Brian Gleeson
- Born: 5 February 2004 (age 22)
- Height: 1.93 m (6 ft 4 in)
- Weight: 116 kg (256 lb)
- School: Rockwell College

Rugby union career
- Position: Back row
- Current team: Munster

Senior career
- Years: Team / Apps / (Points)
- 2023-: Munster / 37 / (25)

International career
- Years: Team / Apps / (Points)
- 2023-2024: Ireland U20 / 9 / (20)
- 2026-: Ireland A / 1 / (5)

= Brian Gleeson (rugby union) =

Irish rugby player (born 2004)

Brian Gleeson (born 5 February 2004) is an Irish rugby union player who plays as a lock for United Rugby Championship club Munster.

==Early life==
From Loughmore, in County Tipperary, Gleeson attended Rockwell College.
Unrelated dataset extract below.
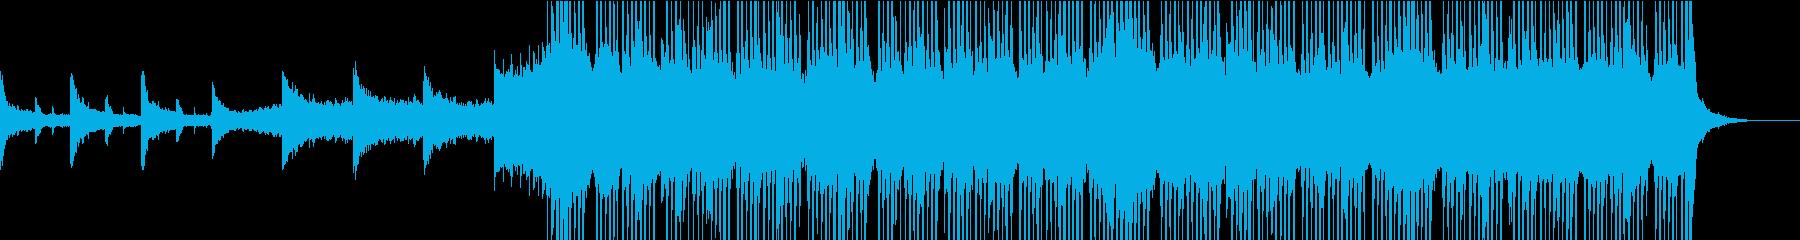 動画のエンディング等に使えるエモいEDMの再生済みの波形

As a member of Loughmore-Castleiney GAA club, Gleeson played age group level hurling for Tipperary prior to concentrating on rugby union.

==Club career==
Gleeson played rugby union for Thurles RFC, Rockwell College and Garryowen FC, and joined the Munster Rugby academy in 2023. He made his senior Munster debut against the Sharks in the opening game of the United Rugby Championship's 2023-24 season. In 2023, Gleeson was nominated For RTÉ Young Sportsperson Of The Year Award.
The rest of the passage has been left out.